Several of the report's other recommendations such as disease
prevention are already being fulfilled by various private sector
players. The web pages of
Dr Andrew Weil,
Dr Joseph Mercola
and Dr Julian
Whitaker provide useful advice in this area. They also expose
hoaxes such as the bird flu epidemic. There are several excellent
books on the shelves of most neighbourhood bookstores that cover
subjects such as home remedies, disease prevention and health care.
Individual people can take responsibility for their own health if
they so choose.
A libertarian approach to dealing with mediocrity and the lack of innovation would begin by
examining how state action may ultimately promote mediocrity while
stifling innovation. The state school system disregards the unique
individuality of each child and expects all children to learn the
same subjects at the same rate. It is only in the homeschooling
environment and in a handful of private schools that students may
experience learner-paced instruction. The joy of learning is all but
absent in the majority of state run schools.
Canadian education
borrows heavily from precedents in the United States. A onetime
award winning teacher and former president of a teacher union named
John
Taylor Gatto has published an online critique of public
education in America and other nations. The emphasis in state
schools is on conformity in behaviour and in the pace of learning.

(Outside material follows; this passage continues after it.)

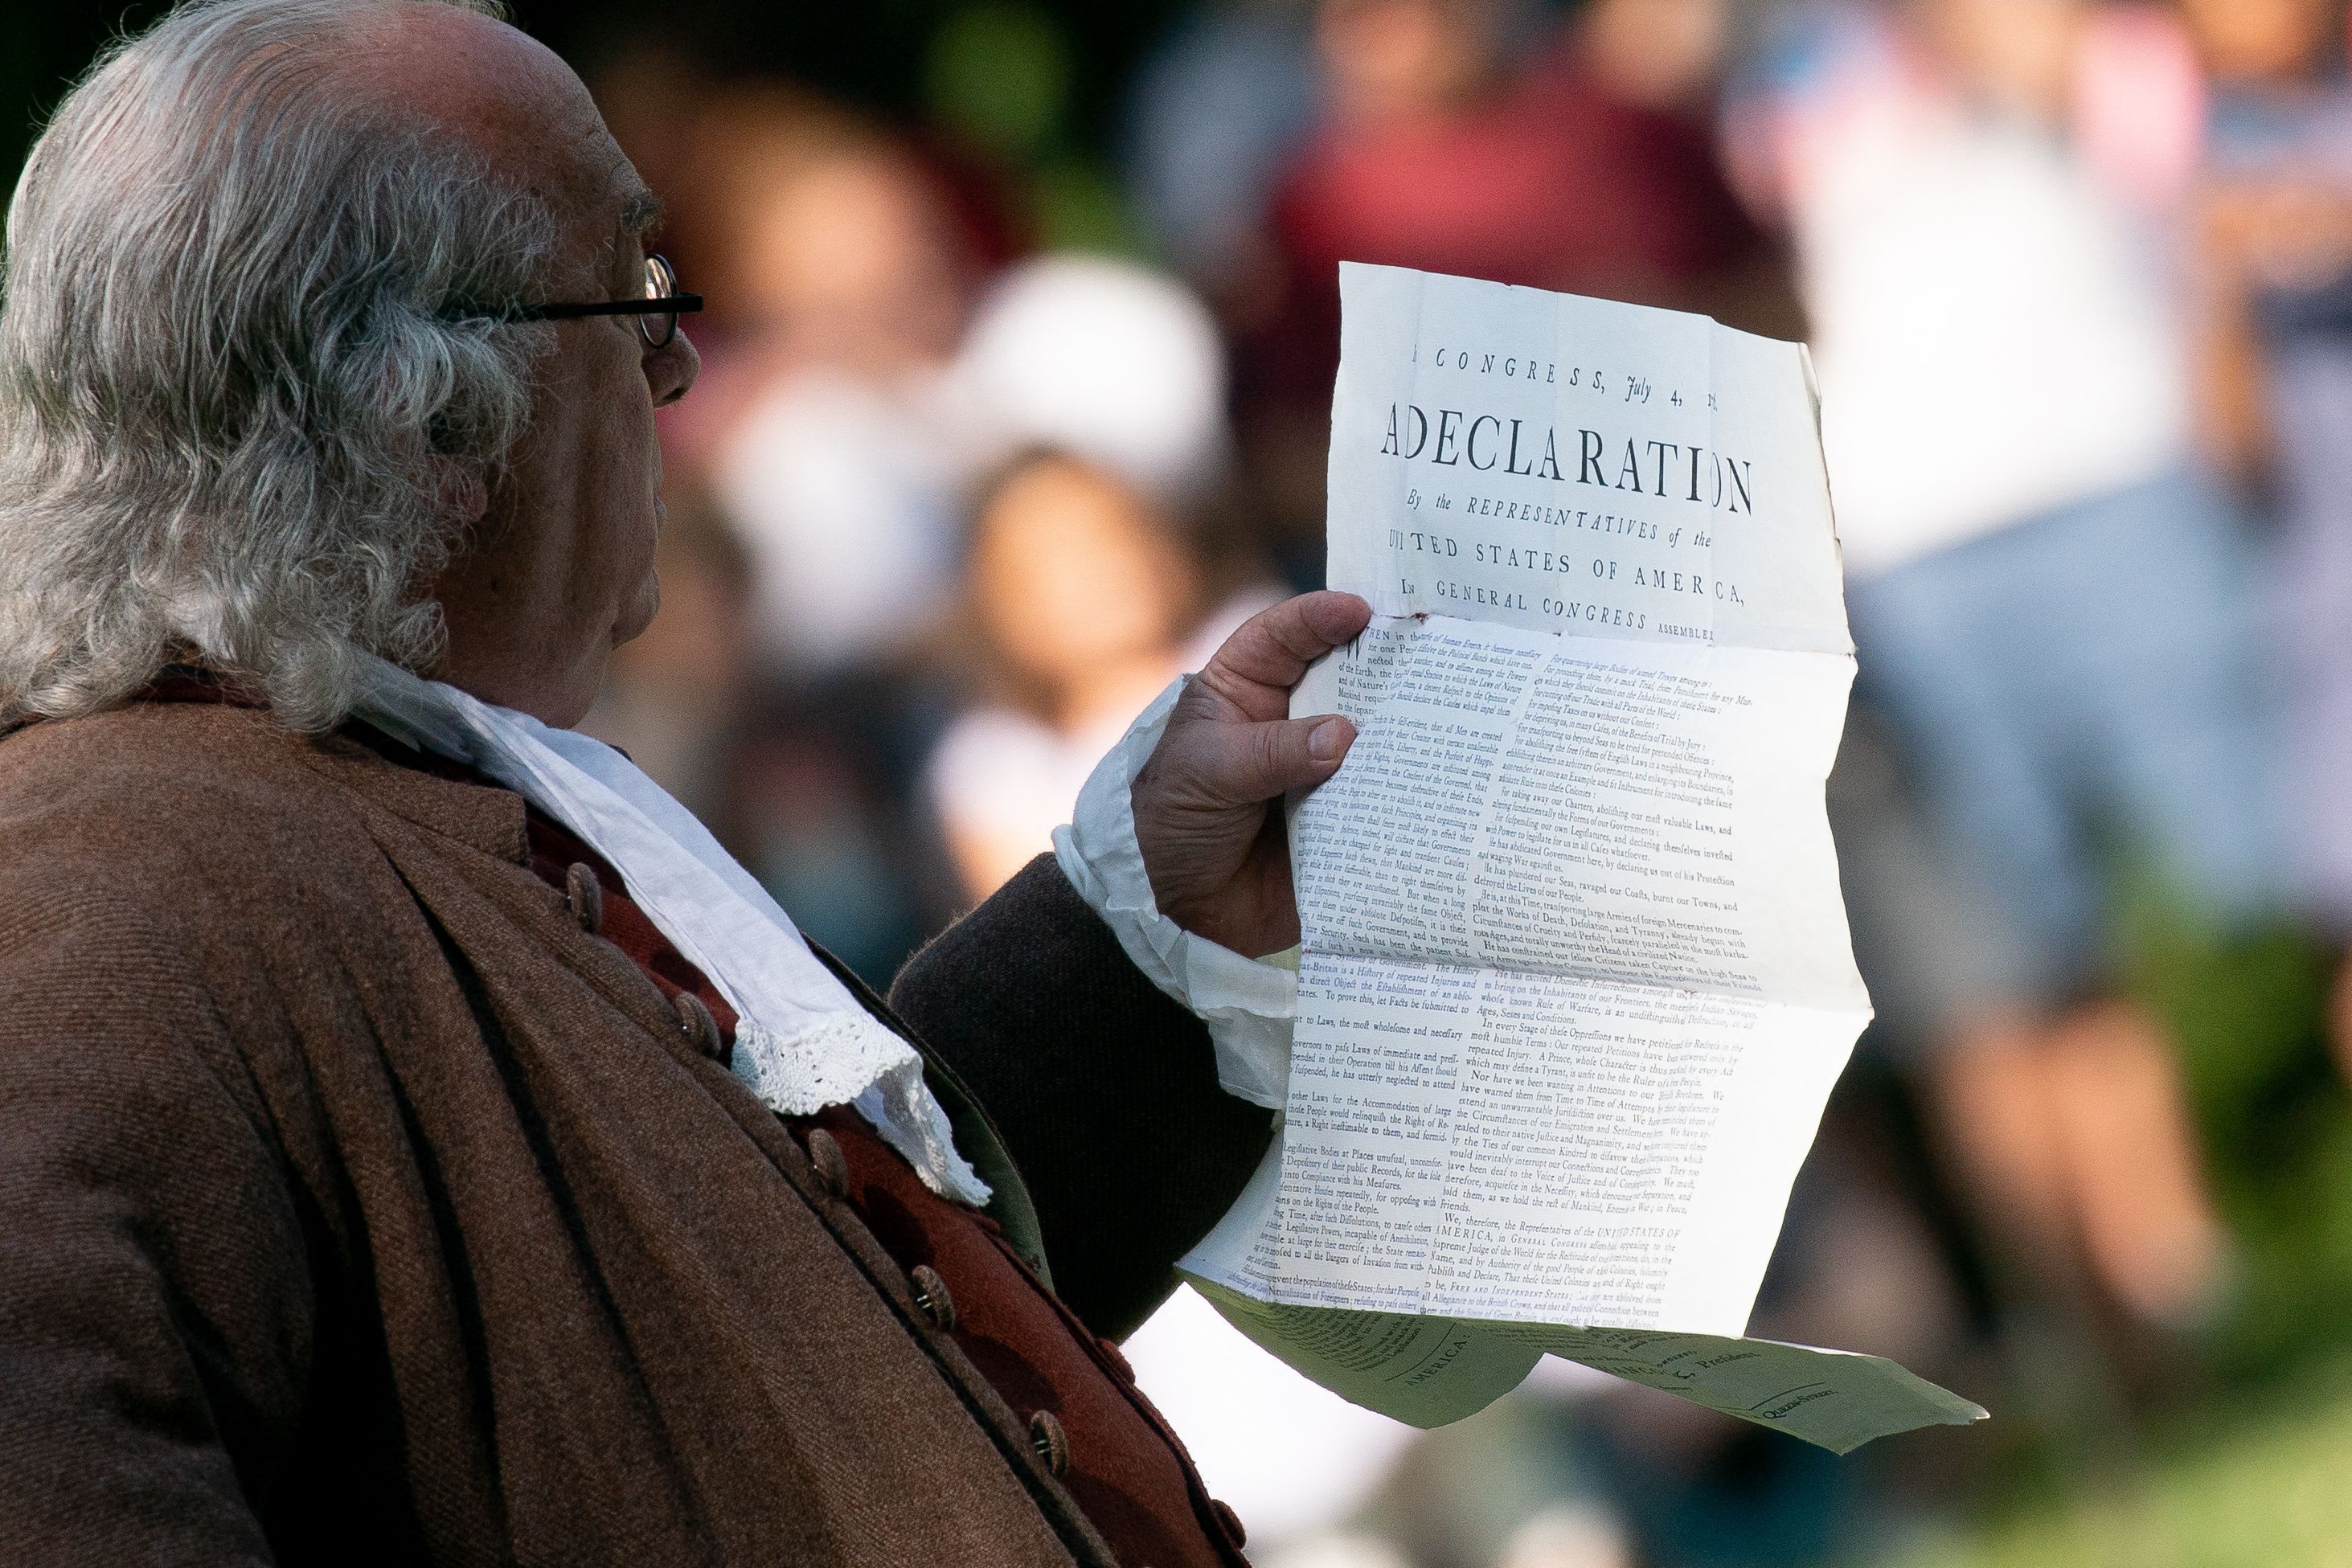 An actor impersonating Benjamin Franklin reads the Declaration of Independence on Independence Day at George Washington's Mount Vernon in Mount Vernon, Virginia, on July 4, 2023.

In his classic book entitled A Mind at a Time pediatrics
professor Dr Mel Levine wrote that the structure of each child's
brain was as unique as the DNA and fingerprints. He further advised
that each child's brain also processed information in its own unique
and distinctive way.
The writings of Taylor
and Levine suggest that the foundations of innovation, achievement
and excellence may best be nurtured in a learner-paced environment
where children routinely experience the joys of learning and of
discovery. Such an environment usually exists outside of the state
school system and may be the reason behind the worldwide growth in
private schooling and homeschooling. The innovators of history were
almost consistently people who learned their innovation outside of
the formal school system. Thomas Edison who invented the
incandescent light bulb learned about electricity hands on while
working as a telegraph operator.
There are many other
examples of innovators, inventors and entrepreneurs who had minimal
formal schooling and whose achievements were noteworthy. Henry Ford
developed a mass production line for automobiles. Booker T.
Washington was a former slave who is alleged to have taught himself
how to read and who founded the Tuskegee Institute. The world's
foremost modern innovator whose software runs most computer systems
stepped out of university studies to pursue other interests.